Half-Assed

by theobfuscatedone

When I make a commitment to do something, I do it.  I put all of my skill and knowledge into whatever my task is.  I do not do the minimum required.  A paper has to be as good as I can make it before I am willing to consider turning it in.  If someone asks me to do something, and I agree to do it, I put my whole self into the project.  For fuck’s sake! even my emotions are always full strength.  That last one is maybe not always a blessing.  I do not do half-assed.

When other people do things half-assed and I am affected by it, I get pissed.  People in positions of authority not following through on their (MINOR) promises is enough to enrage me.  At the university I attend, the administration is apparently totally devoted to the half-assed style of management.  Their ability to follow through is on par with my cat’s ability to speak English.
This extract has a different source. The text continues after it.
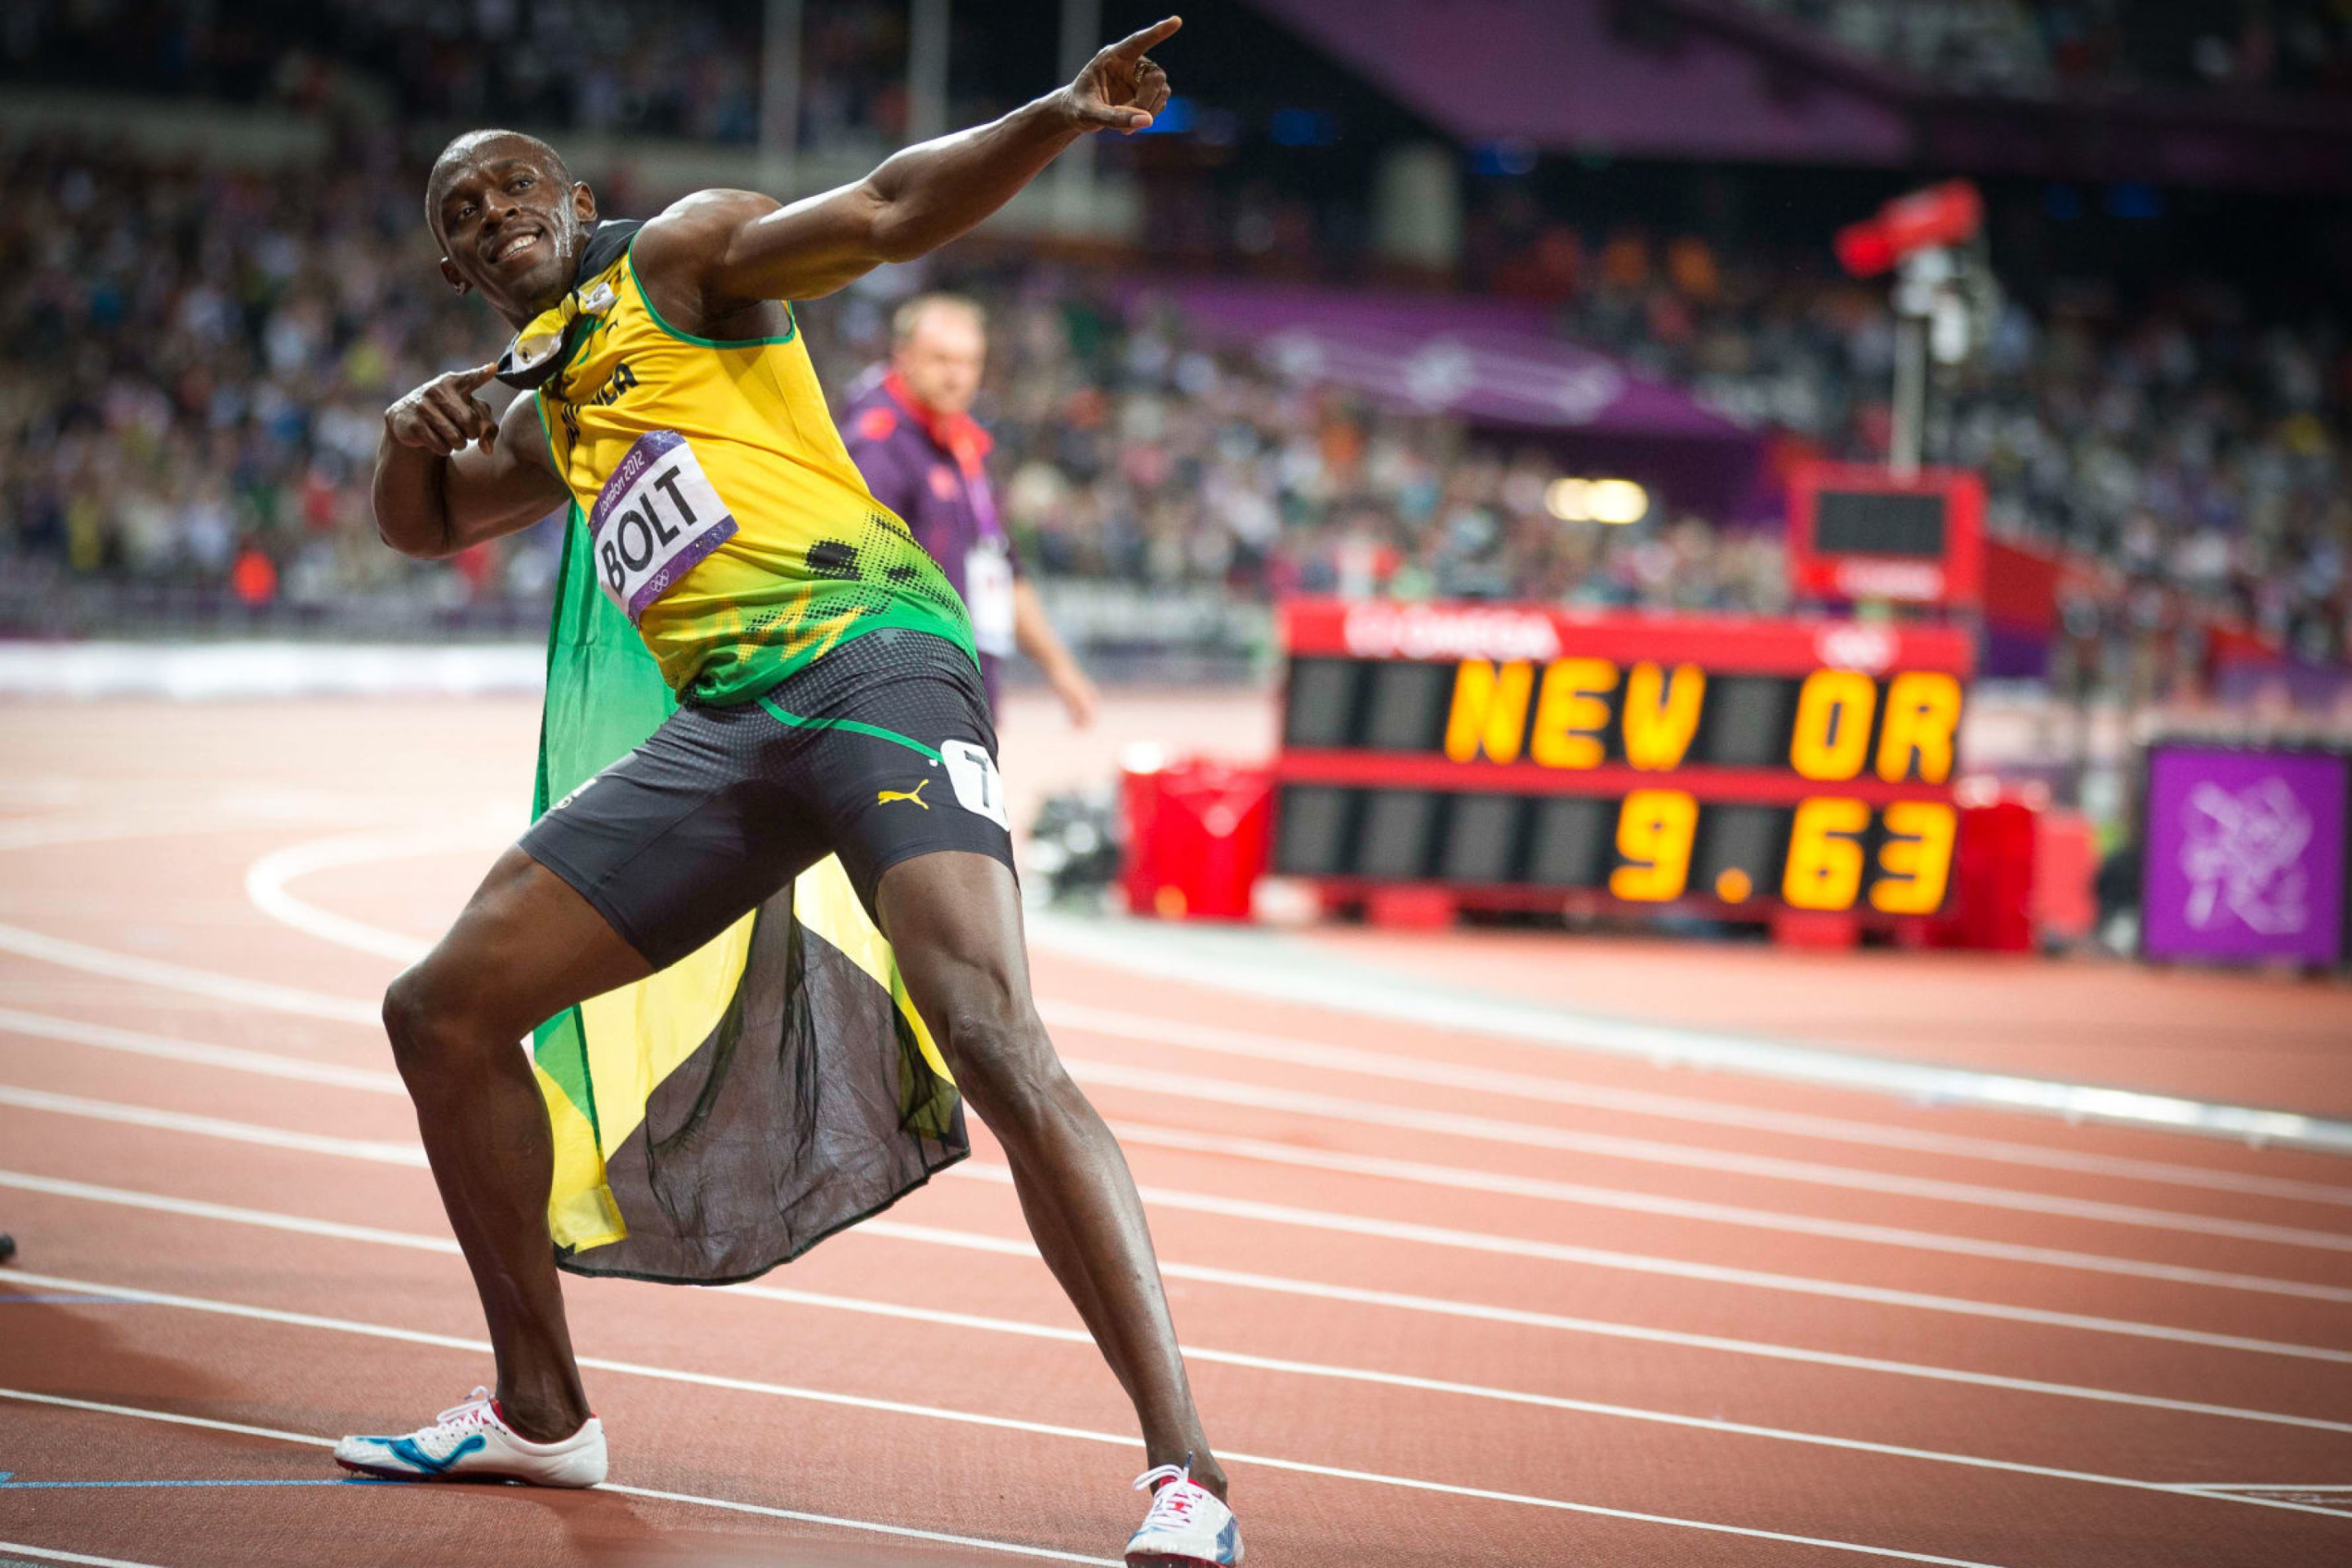 Обои Usain Bolt won medals in the Olympics 2880x1920

I understand that people have off days, are new, etc.  The problem is when people spend the majority of their time doing the bare minimum.  Companies whose customer service is more aptly termed customer no-service should be burned to the ground and the ashes used to entomb the managers.  Perhaps that is extreme.  Some of you might be saying that not everyone in a company is incapable of common decency and follow through.  I do not disagree.  I’ll make this concession: If an employee of a soon-to-be-ashes company can demonstrate a desire to actually serve the paying customers and be enthusiastic about the destruction of their former employer, I will consider, CONSIDER, sparing them.  Be aware that if I spare their lives and they welch on the promise to follow through, their punishment will be much more severe than simple entombment.  Remember, I don’t do half-assed.
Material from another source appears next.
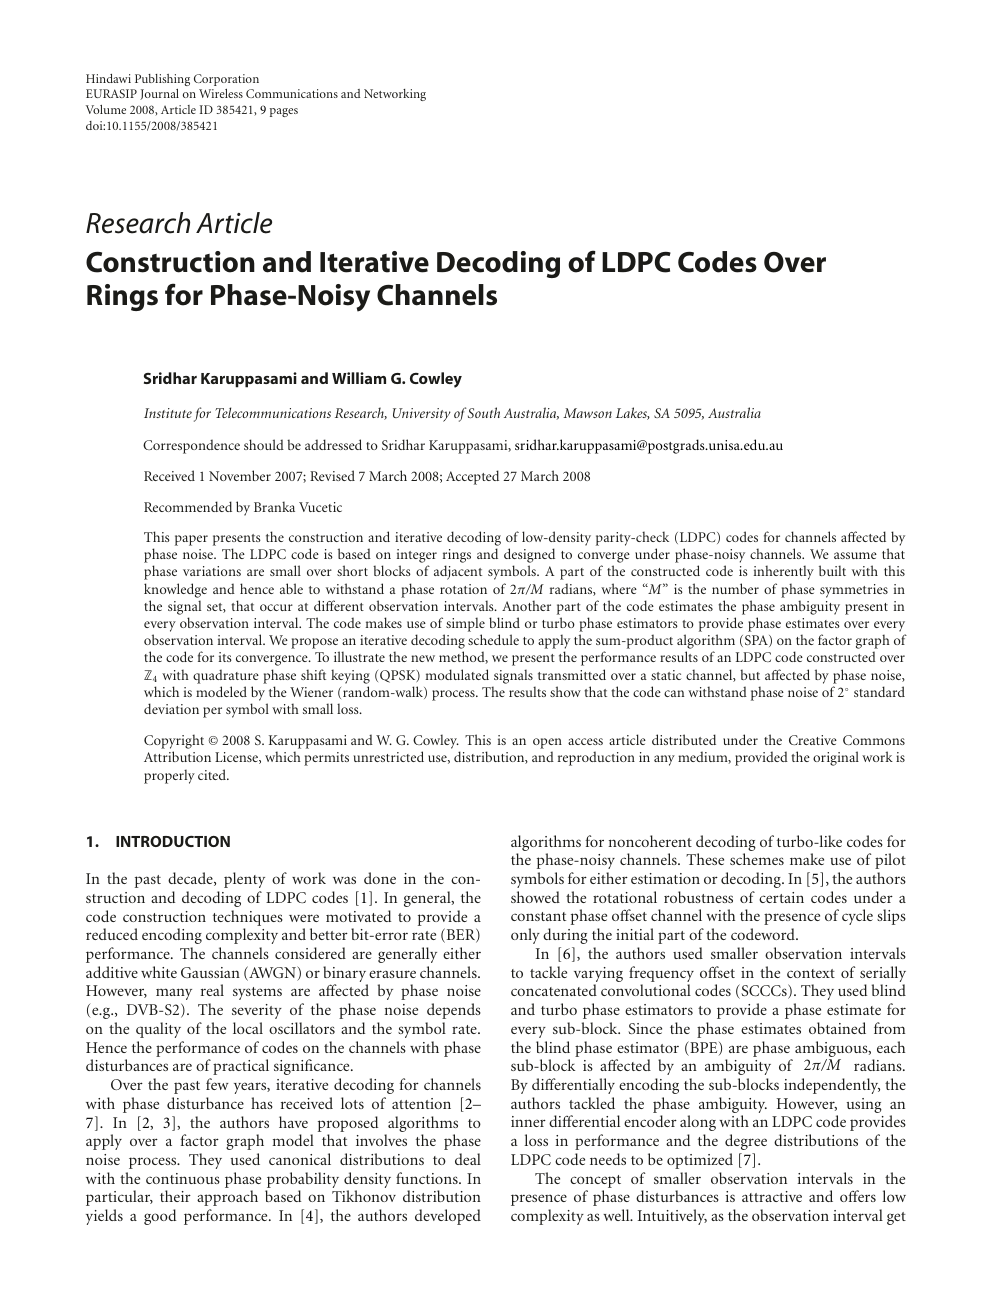 Construction And Iterative Decoding Of Ldpc Codes Over Rings For

I wish I could send this rant to all the people I’ve come across who have exhibited a distressing tendency to do the minimum.  Unfortunately/fortunately once I come across that sort of person, I make every effort to avoid any interaction with them in the future.  Too bad I can’t always make that happen.

I have many pet peeves.  My tolerance for bullshit, willful stupidity, laziness, and general lack of common sense is extremely limited.  On the pet peeve spectrum, doing things half-assed is at the most aggravating end.  It’s there because the predilection to do things half-assed is a gateway pet peeve.
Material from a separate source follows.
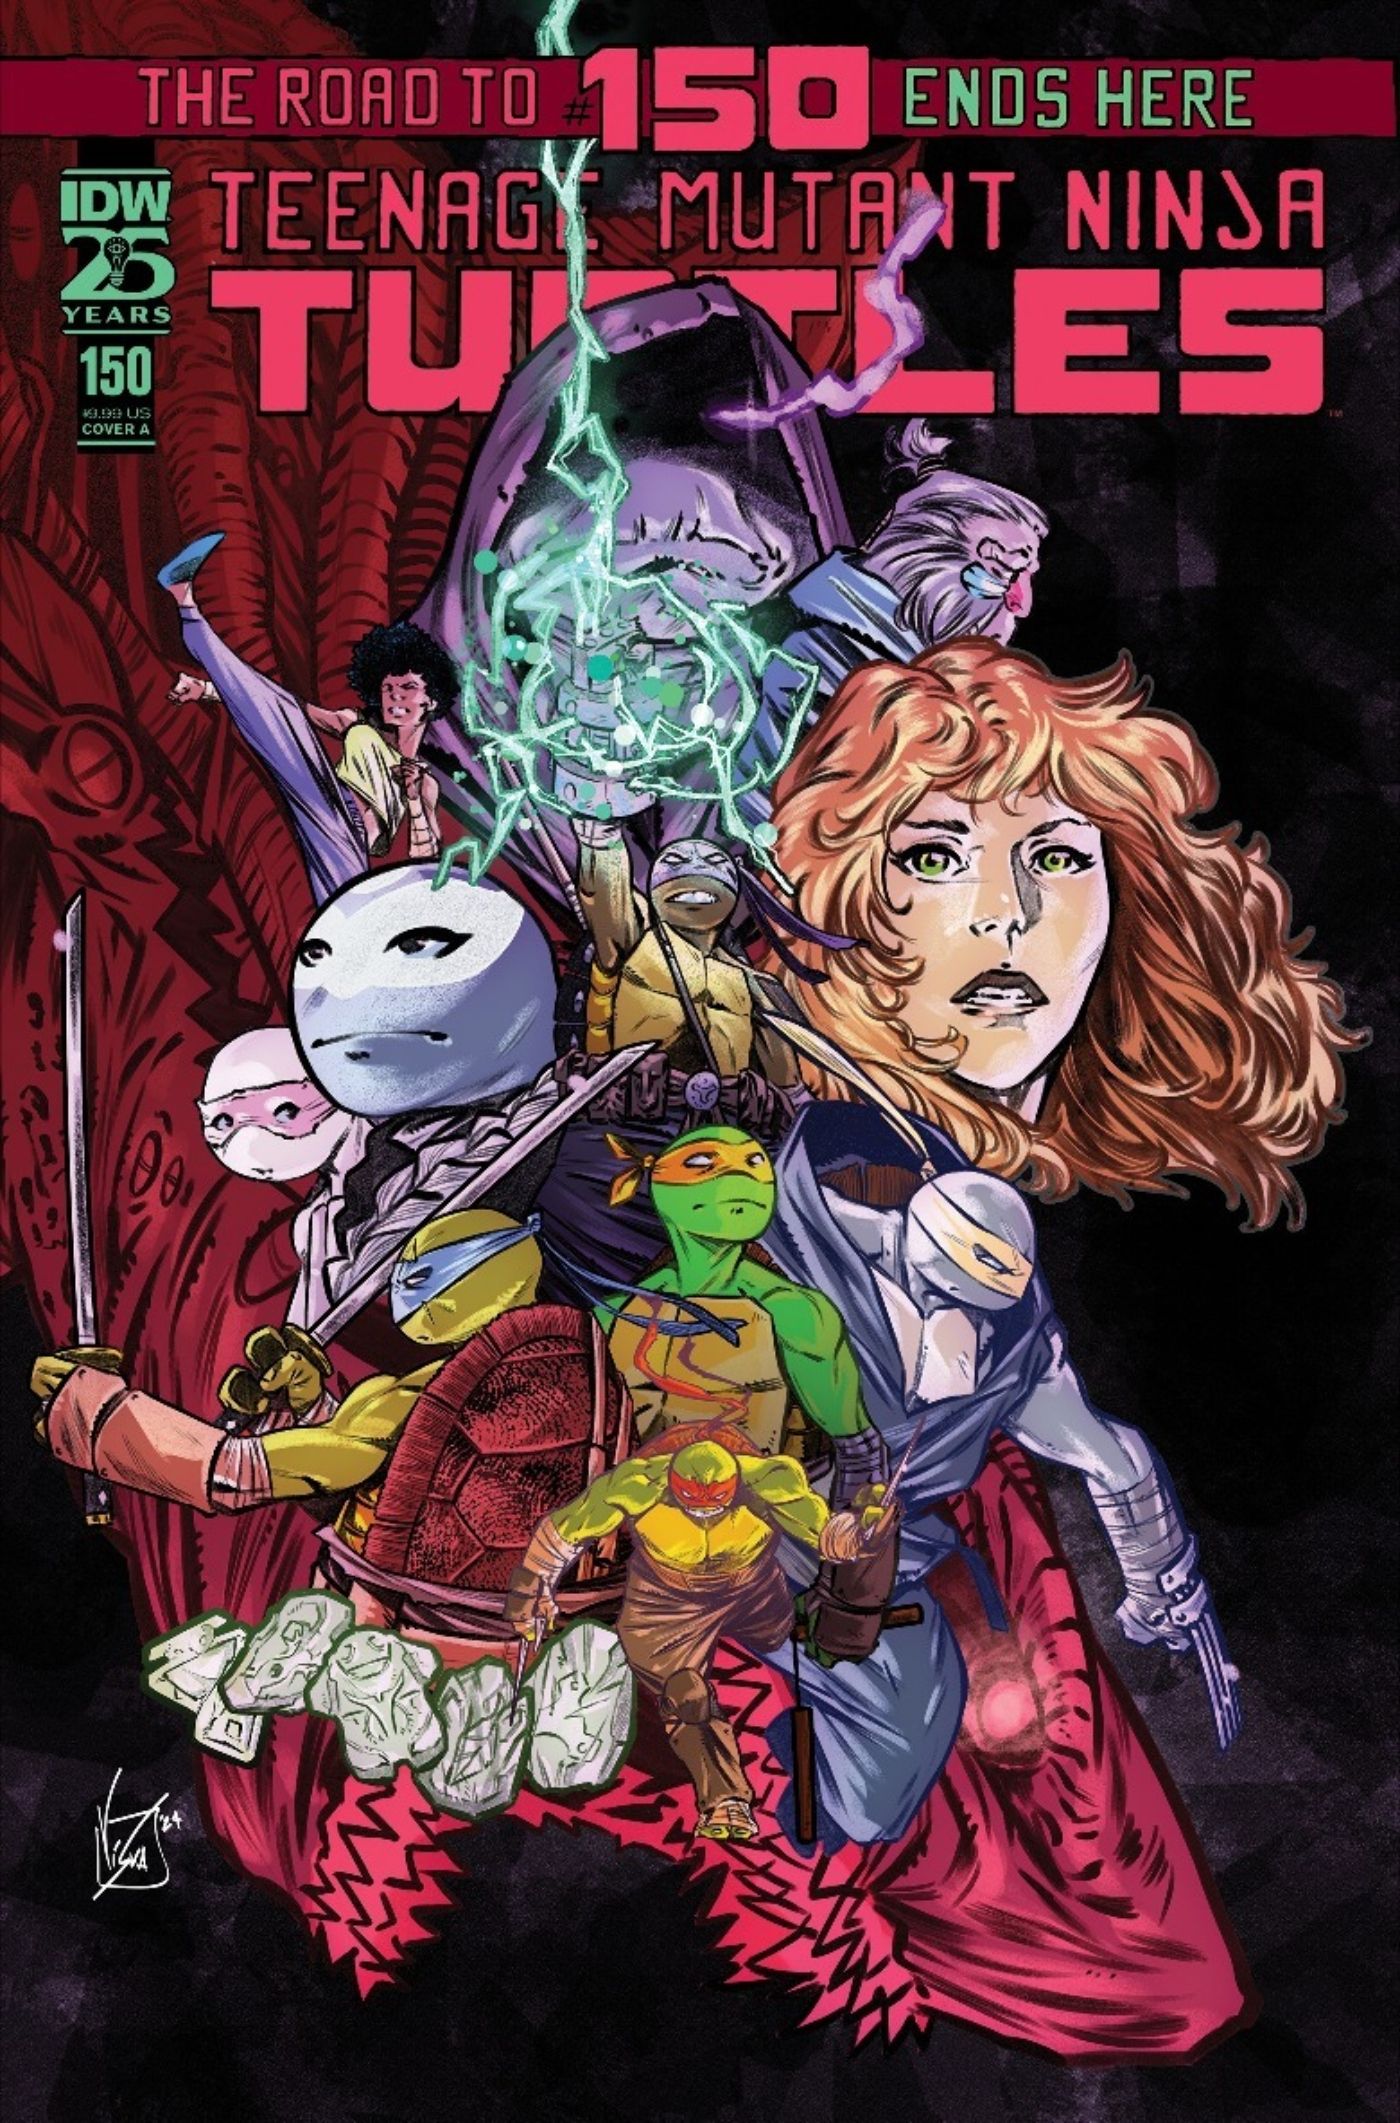 TMNT #150 cover art featuring every major TMNT character.

The hat I’ve been working on, made to match my perfectly fitted fingerless gloves, is just about finished.  I’m preparing for cooler weather in the hopes that if I do, it will come sooner rather than later.  I really want it to rain.  I really want to not sit in my apartment and wonder if, by staying in it, I am actually voluntarily roasting myself to succulent, golden, deceased perfection.  Classes have started and, while things are not as good as they could be, they are not truly horrible either.  The brown recluse spider roommate has been turned into a brown recluse spider corpse (Thanks T!)  My apartment is a bit disheveled but not to the point where I look at it and want to cry.  With my knitting and the last few seasons of M*A*S*H, I am able to escape the seemingly endless cycle of bizarre and mostly distressing experiences (See: brown recluse spider roommate, watching my smashed thumb nail inch closer towards severing itself from the larger thumb, receiving a phone call from my insurance/doctor conflagration asking me to schedule an appointment for a cardiac ultrasound because my doctor thinks I have a heart murmur [the only problem with this was the fact that my doctor never told me that she thought I might have a heart murmur and hearing it from the ultrasound tech was a bit of a shock.  I also did not appreciate the tech’s hard sell.  Vindication occurred when my doctor called me {Holy Shit! doesn’t even begin to cover that shock} and told me I had done the right thing by refusing.  Don’t worry folks, I don’t have a heart murmur.] Last but not least, my bus pass was stolen.)

Resist the temptation to settle for mediocre.  Being sort of cute is less fun than being totally adorable.  Average is for settlers and quitters.  Being wholeheartedly amazing is a better life choice.  Go forth and dazzle the universe.